The UK economy is currently outperforming all other countries in the European Union. Growth post the world economic crisis has been sustained and aided significantly by UK remaining outside the Euro zone. GDP grew by +3% in the first quarter of 2015. In the same quarter in 2009, GDP fell by -5.6%. Although much has changed, the business community is pleased with the recent election results and looks forward to seeing continued policies that have encouraged growth and tackled the debt.

Historically, most of the Australian wool clip was processed in the West Yorkshire valleys. Some still is, but bulk manufacturing left these shores in the three decades following World War 2. However, niche manufacturing of finer micron yarns and fabrics is very much alive and well as is the manufacturing of woollen spun knitwear yarns and tweed fabrics. In Yorkshire and Scotland there is a sizeable upholstery weaving industry using 21 micron Merino wool.

All sectors are reporting good domestic and overseas business, and capacity is increasing for the first time in four decades. Most of the key players are now Woolmark licensees and those who once shied away from us are now some of our more enthusiastic partners. Mills need the quality assurance guarantees that Woolmark certification can offer.

The healthy state of trade in the woollen and worsted sector that employs around 10,000 workers in around 40 mainly small and medium sized companies is due to six factors that have developed since the crash of 2008.

1. Export growth to Asia: Demand for UK fabrics in Japan and China grew exponentially during the crisis as the move to quality accelerated in Asia. Most of the UK wool textile companies are more than 75 per cent export. In short, those firms that were majority export survived, those dependant on home trade failed. The current rising value of the pound is of concern.
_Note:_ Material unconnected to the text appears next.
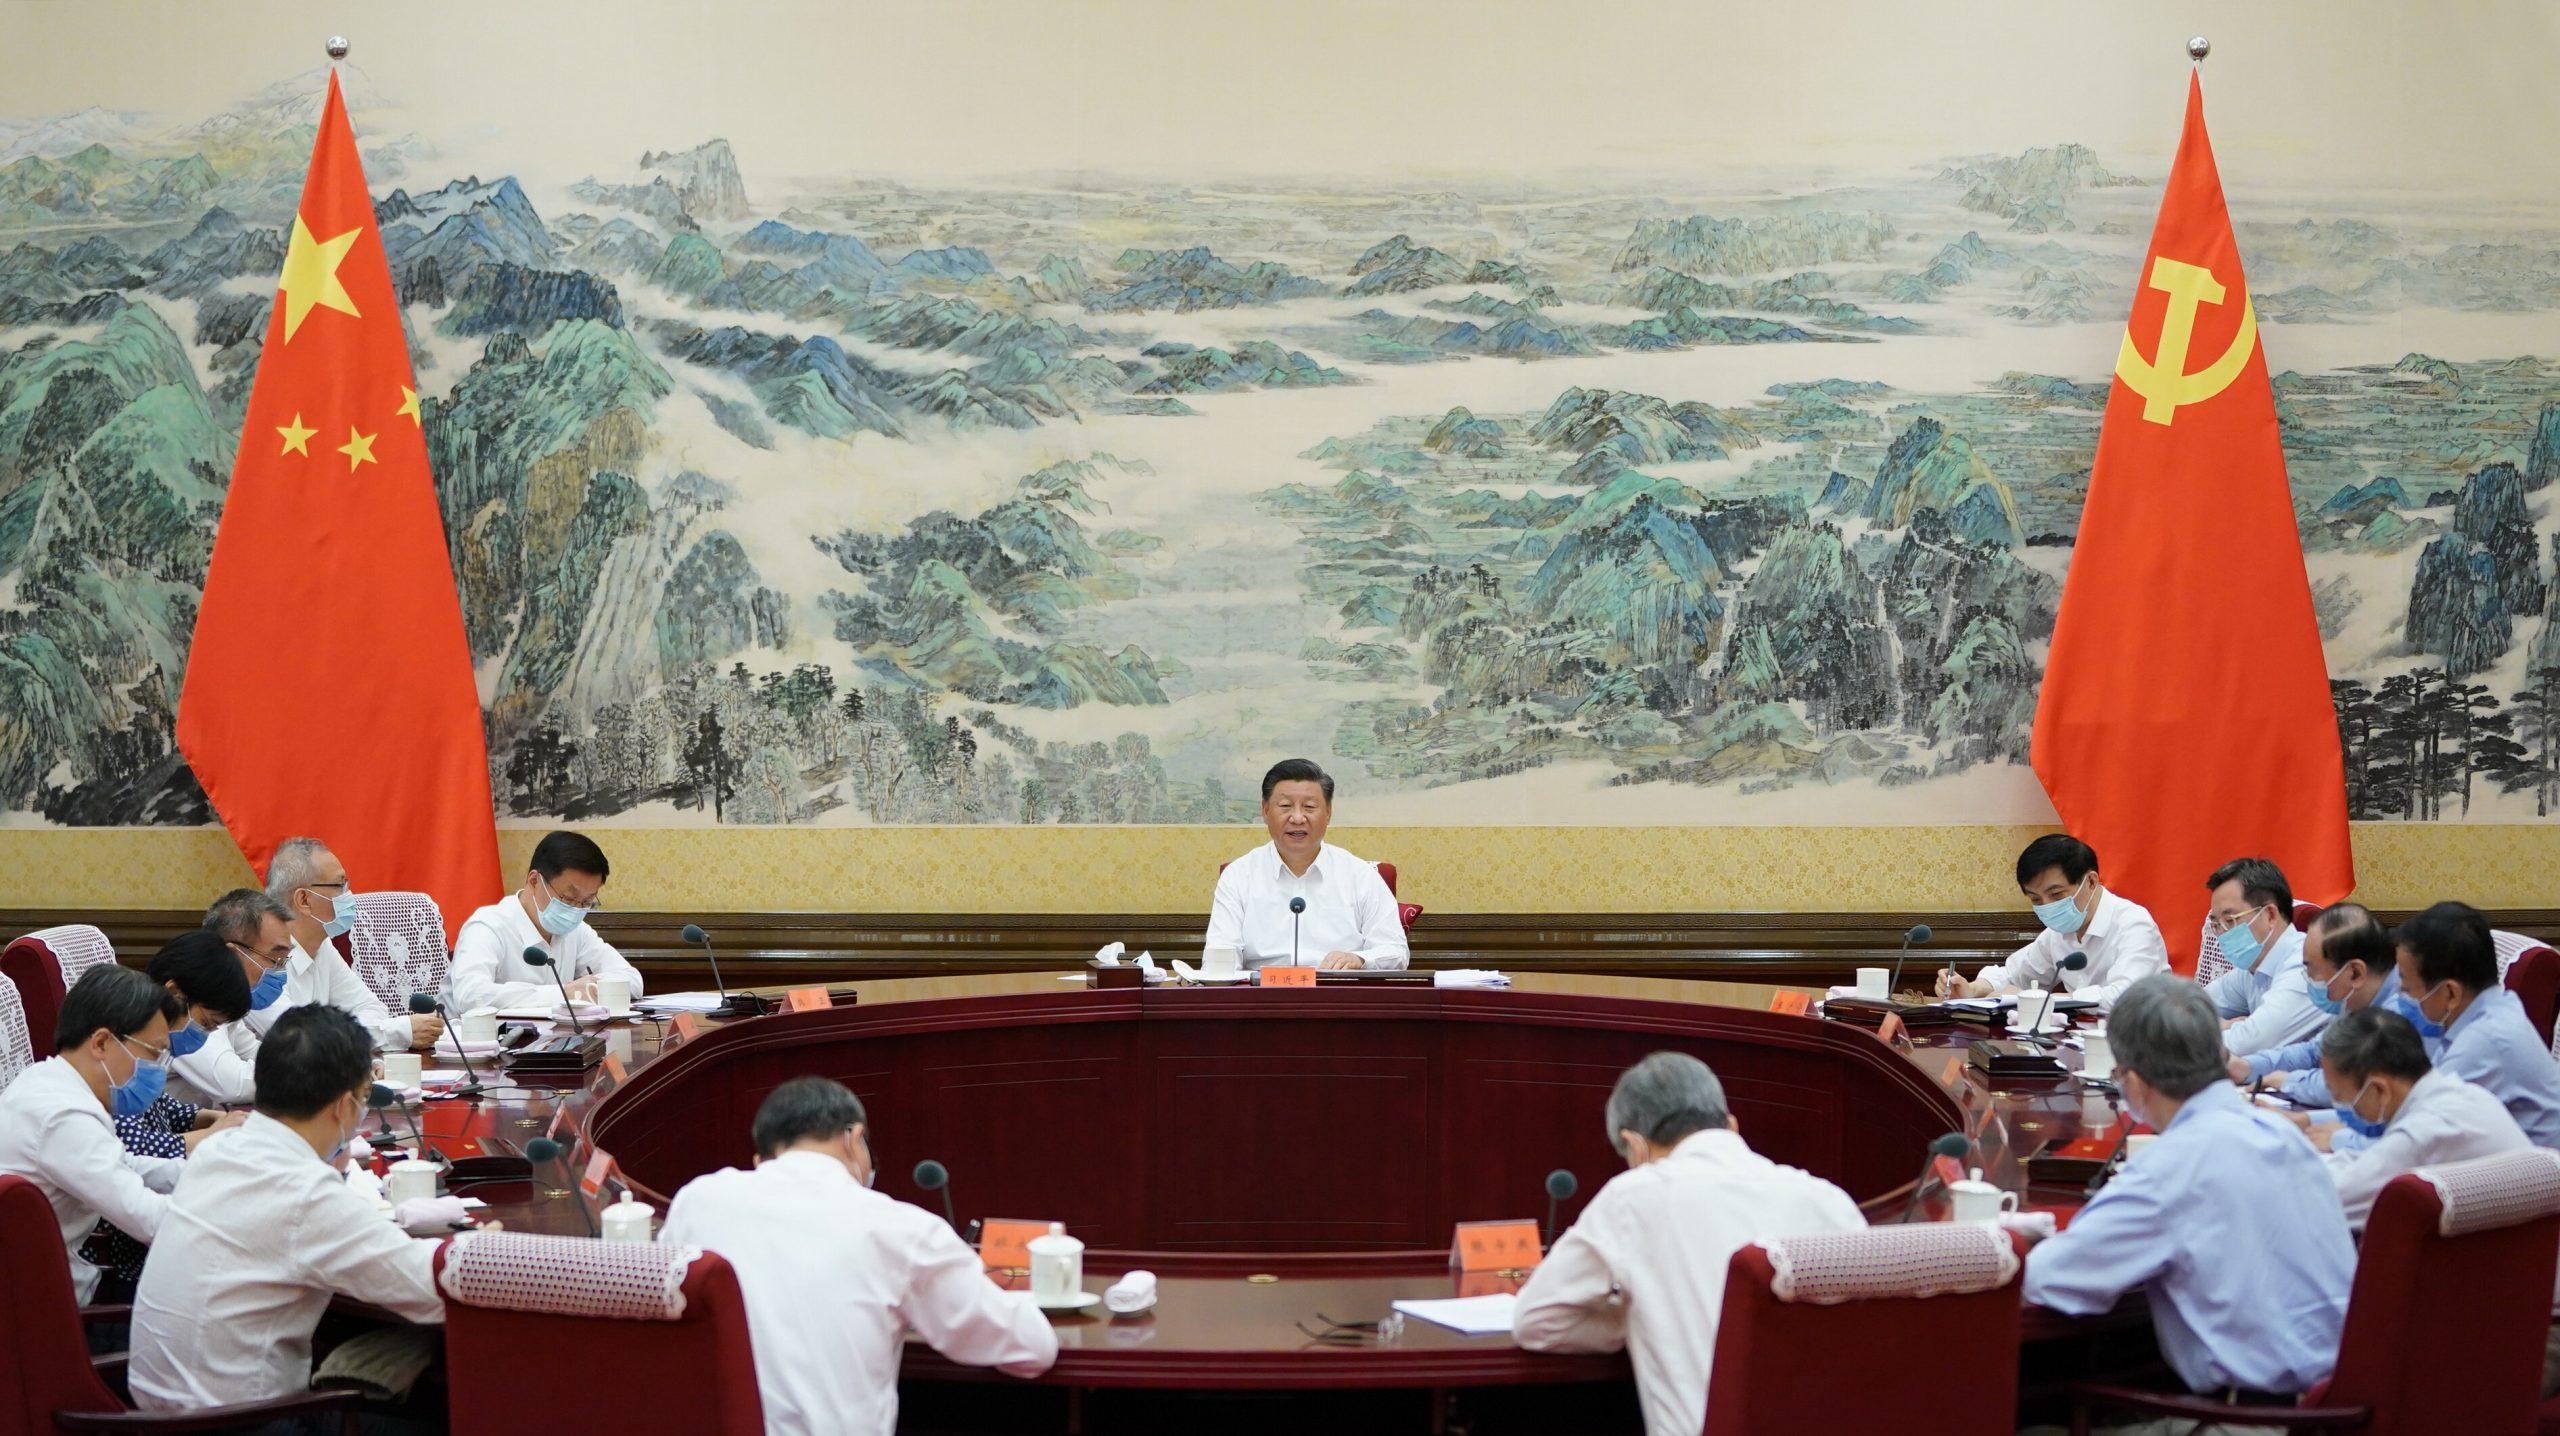 Le président chinois Xi Jinping lors d'un colloque avec des économistes et des sociologues à Pékin, le 20 août 2020. (Source : SCMP)

2. The fashionable ‘British Look’: UK mens and womenswear fashion brands have expanded their presence under licence in Asia and North America over the past five years as the British Look continues to remain a 'good taste reference' in global men's wear in particular. Gieves and Hawkes with 150+ stores in China is a case in point, as is the continued expansion of the Paul Smith brand in Asia. Isetan, Japan's leading department store stocks more than 100 UK brands, many of which are made under licence locally or in China.

Iconic Savile Row is embracing different cloth weights, continuing to salute London as the home of menswear.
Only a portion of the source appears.